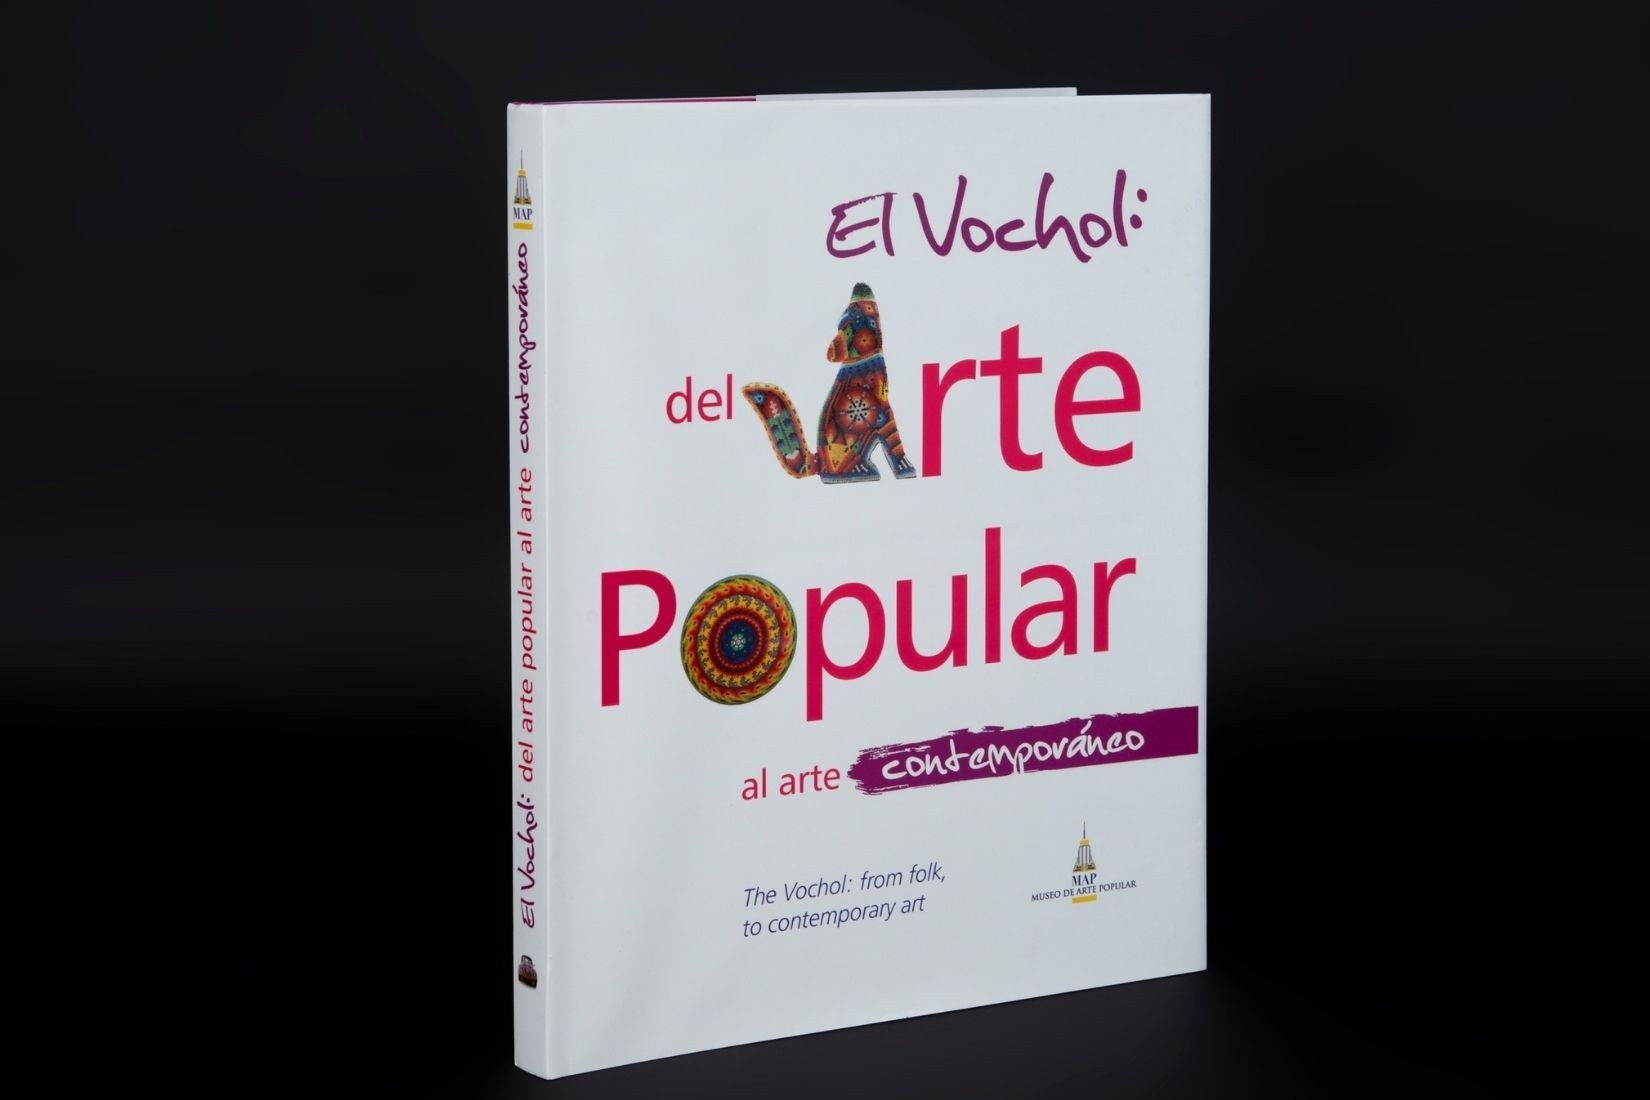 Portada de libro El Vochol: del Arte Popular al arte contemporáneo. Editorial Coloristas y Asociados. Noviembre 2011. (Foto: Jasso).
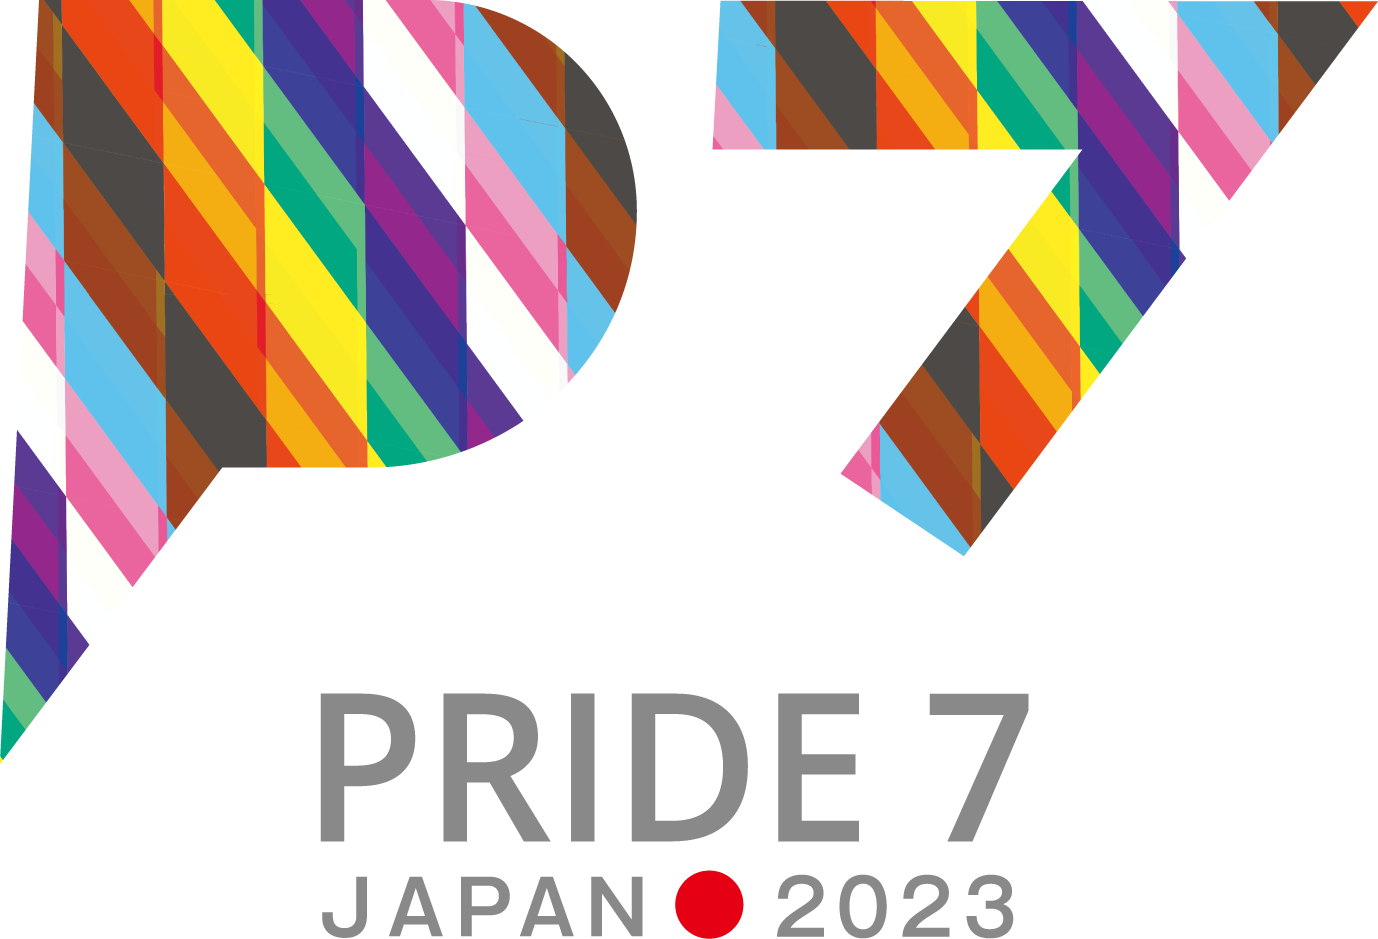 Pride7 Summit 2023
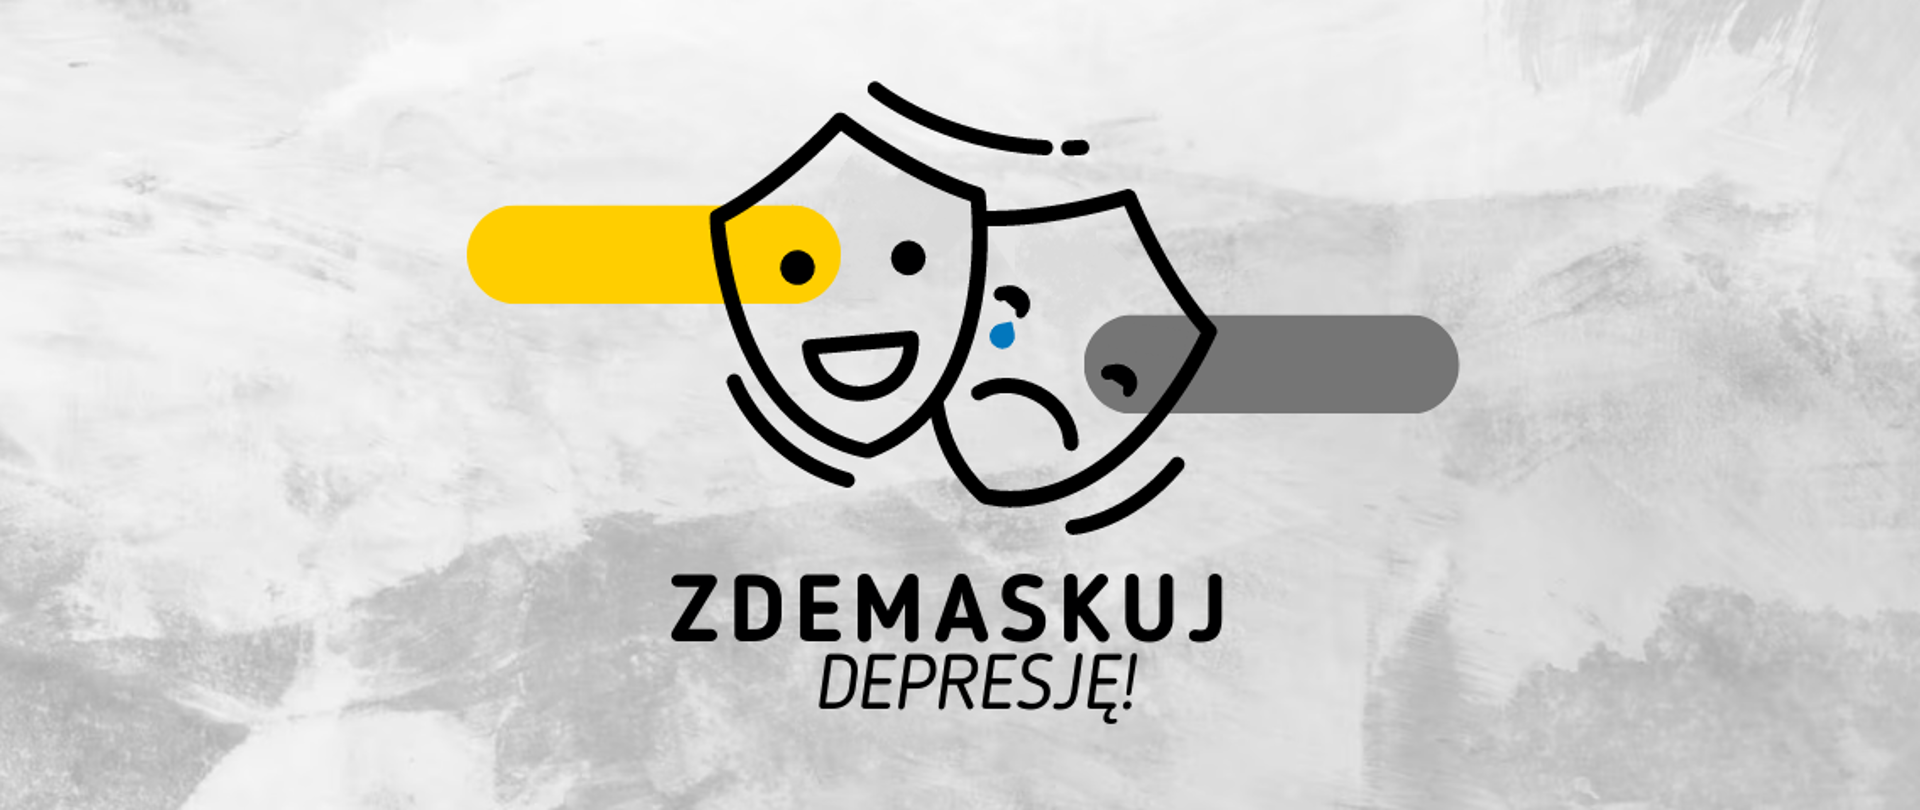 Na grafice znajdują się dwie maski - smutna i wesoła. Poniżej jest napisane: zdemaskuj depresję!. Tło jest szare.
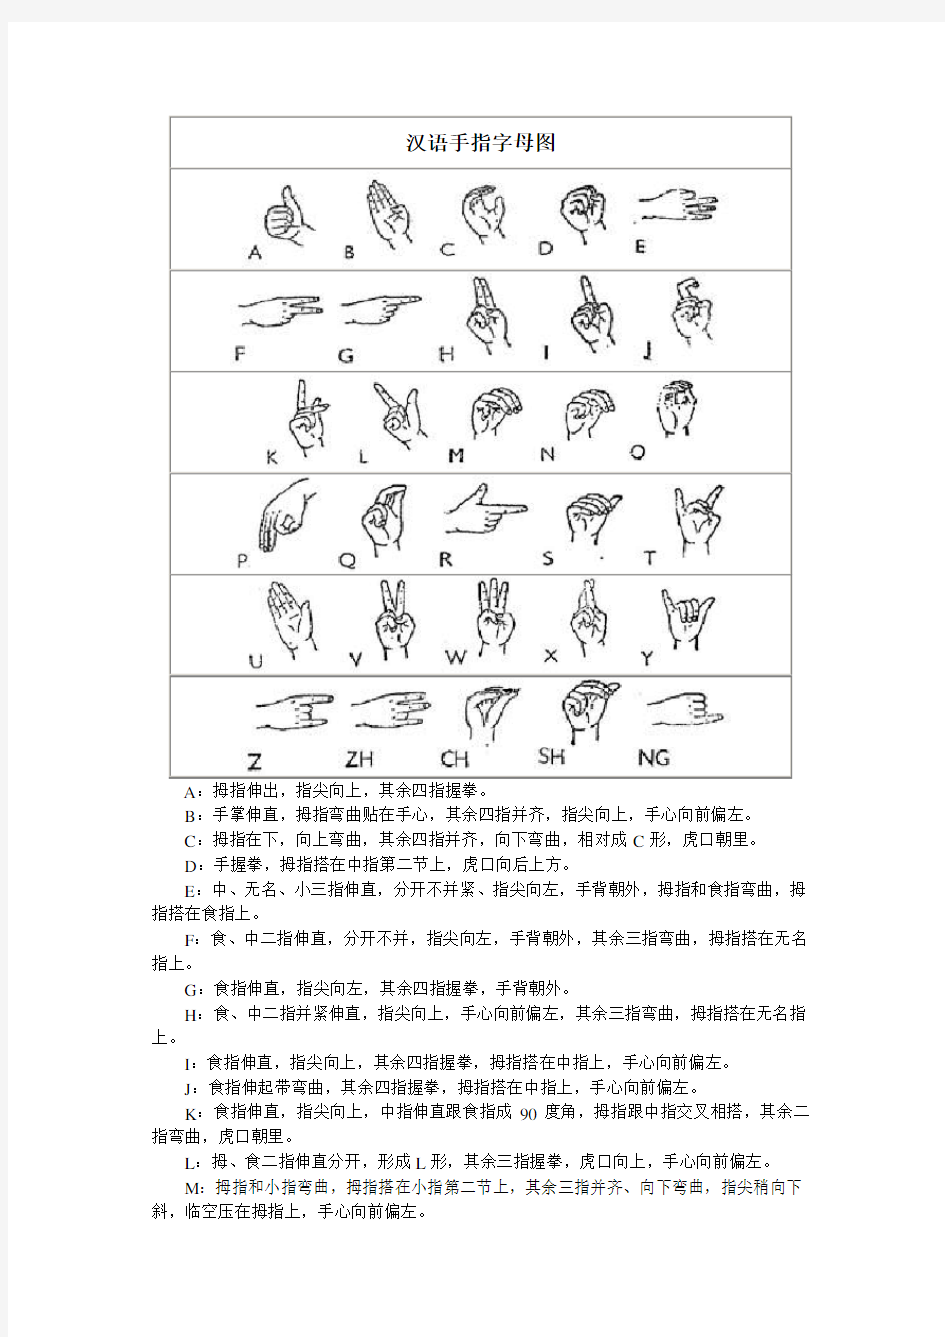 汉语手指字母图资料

* Task instructions *
Write out the data exactly, and exclude every picture it holds.

* Solved exercise *
 Portada de libro El Vochol: del Arte Popular al arte contemporáneo. Editorial Coloristas y Asociados. Noviembre 2011. (Foto: Jasso).
 Pride7 Summit 2023
 Na grafice znajdują się dwie maski - smutna i wesoła. Poniżej jest napisane: zdemaskuj depresję!. Tło jest szare.
 汉语手指字母图资料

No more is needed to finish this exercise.